Please give the listing again in full, leaving out its images.

• [Information shown]
_ _ _

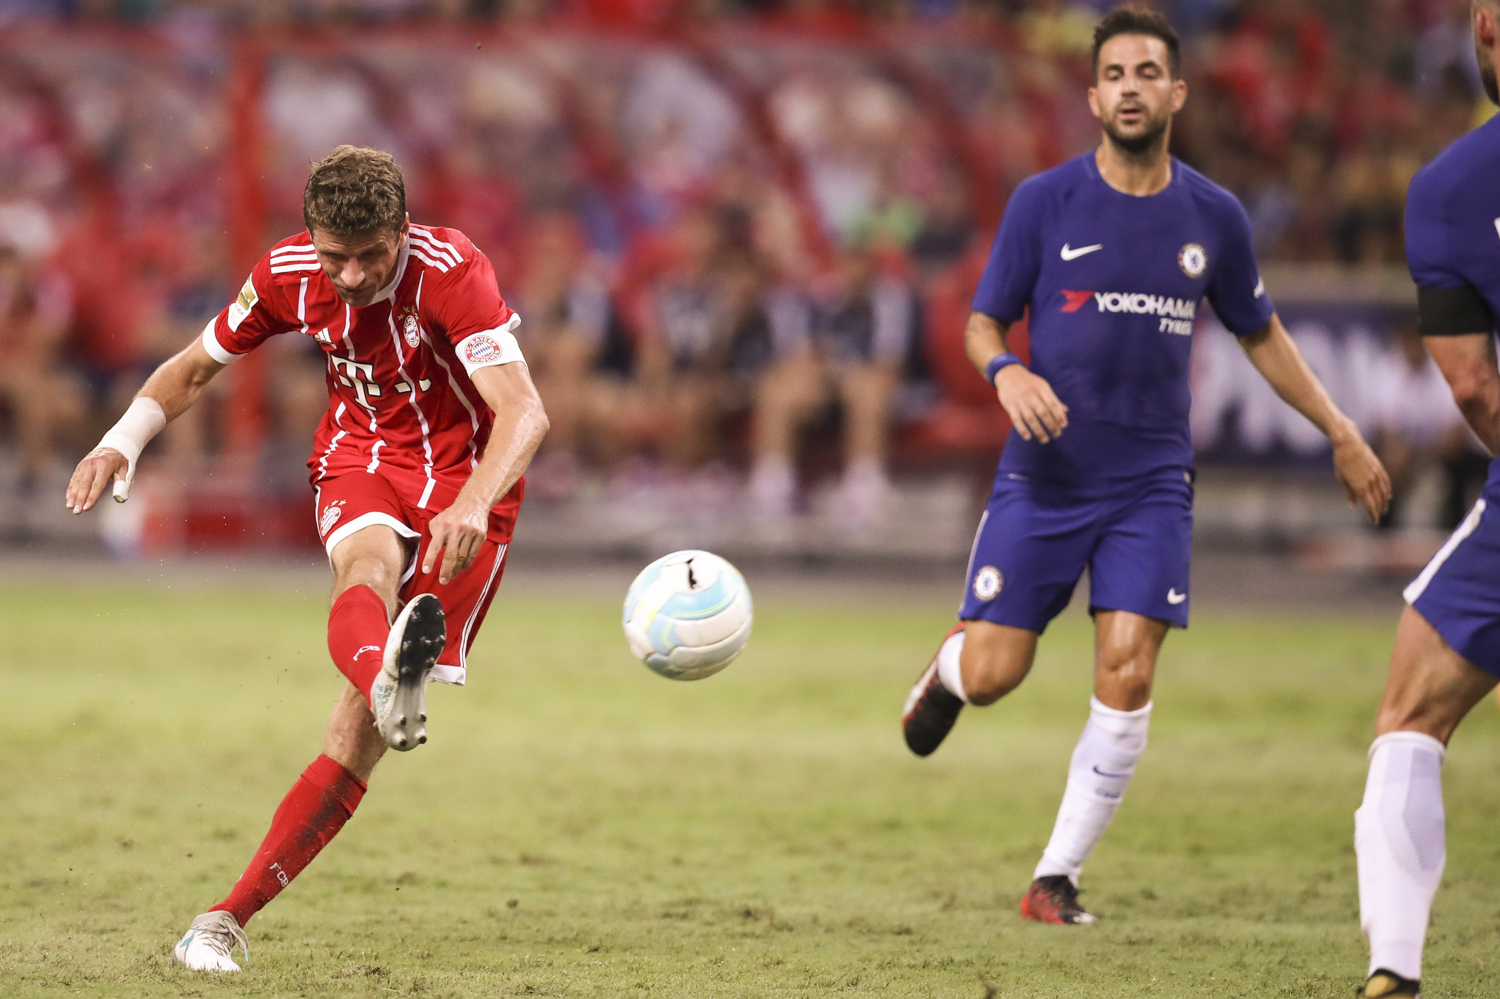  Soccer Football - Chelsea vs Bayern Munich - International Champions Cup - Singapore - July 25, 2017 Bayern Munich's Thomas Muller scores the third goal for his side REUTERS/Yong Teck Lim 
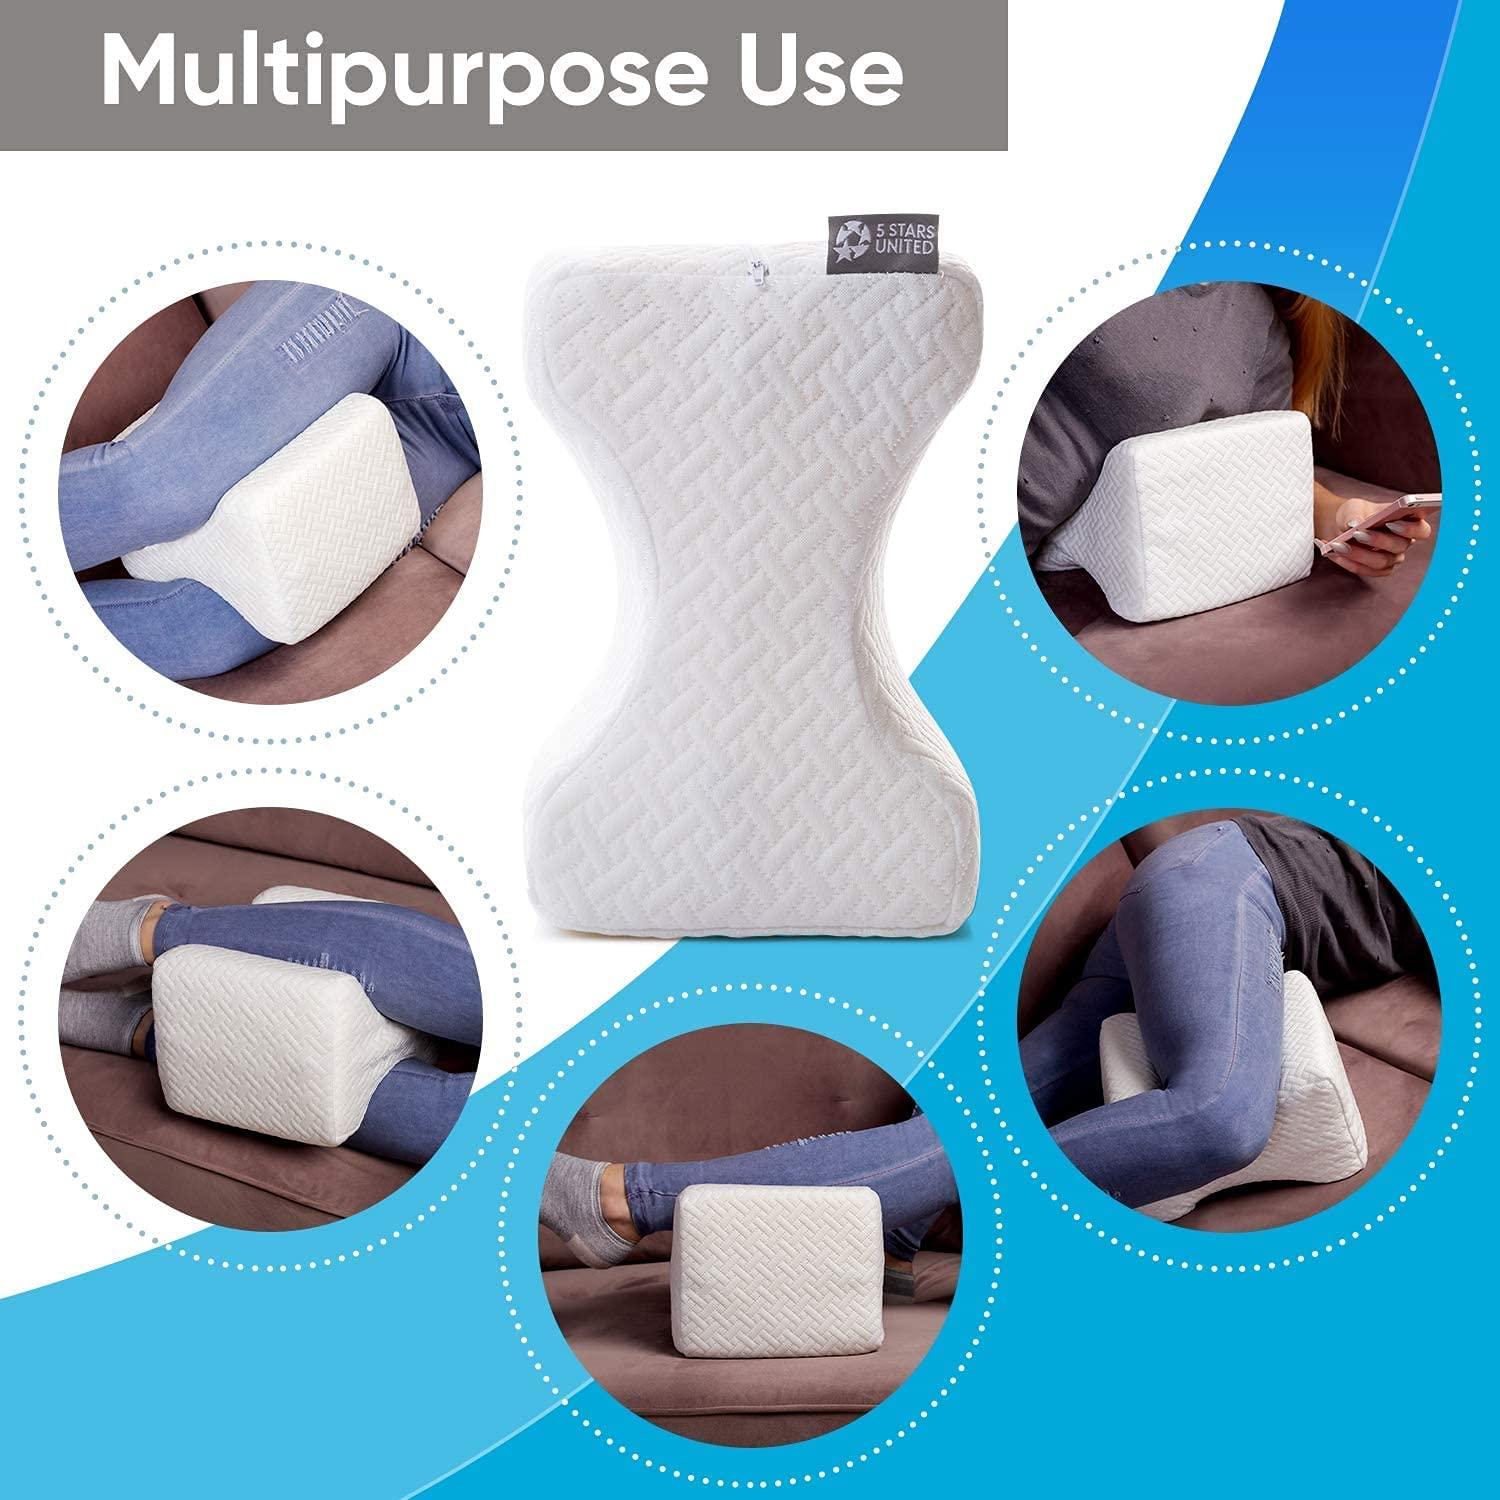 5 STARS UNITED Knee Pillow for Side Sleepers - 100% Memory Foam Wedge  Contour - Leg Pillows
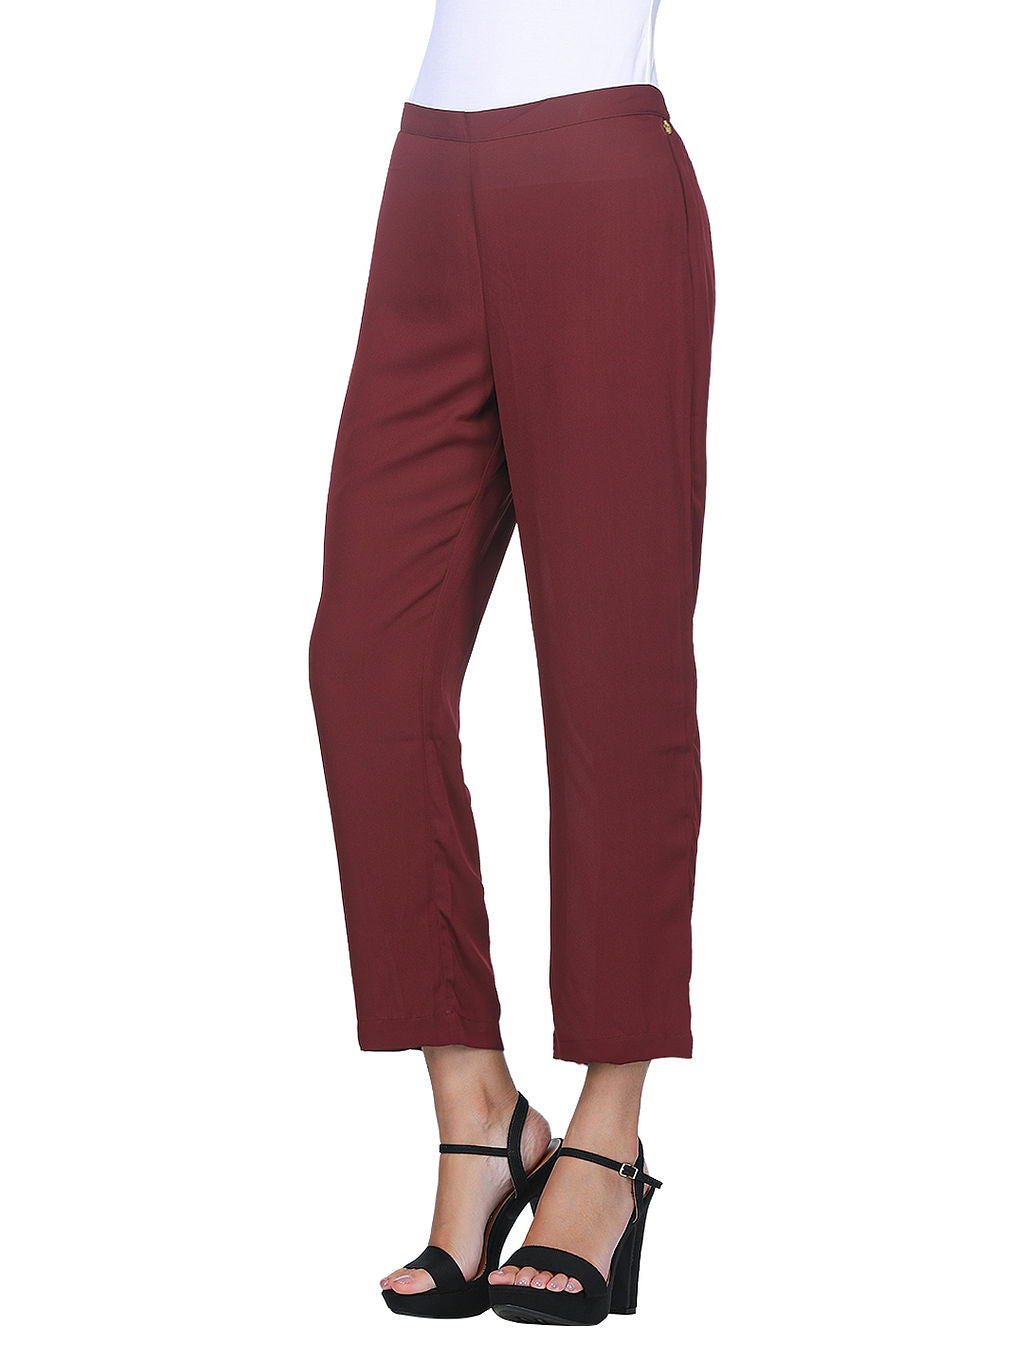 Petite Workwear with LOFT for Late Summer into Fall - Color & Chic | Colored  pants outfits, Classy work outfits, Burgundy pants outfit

_ _ _

• [Output of the task]
  Soccer Football - Chelsea vs Bayern Munich - International Champions Cup - Singapore - July 25, 2017 Bayern Munich's Thomas Muller scores the third goal for his side REUTERS/Yong Teck Lim 
 5 STARS UNITED Knee Pillow for Side Sleepers - 100% Memory Foam Wedge  Contour - Leg Pillows
 Petite Workwear with LOFT for Late Summer into Fall - Color & Chic | Colored  pants outfits, Classy work outfits, Burgundy pants outfit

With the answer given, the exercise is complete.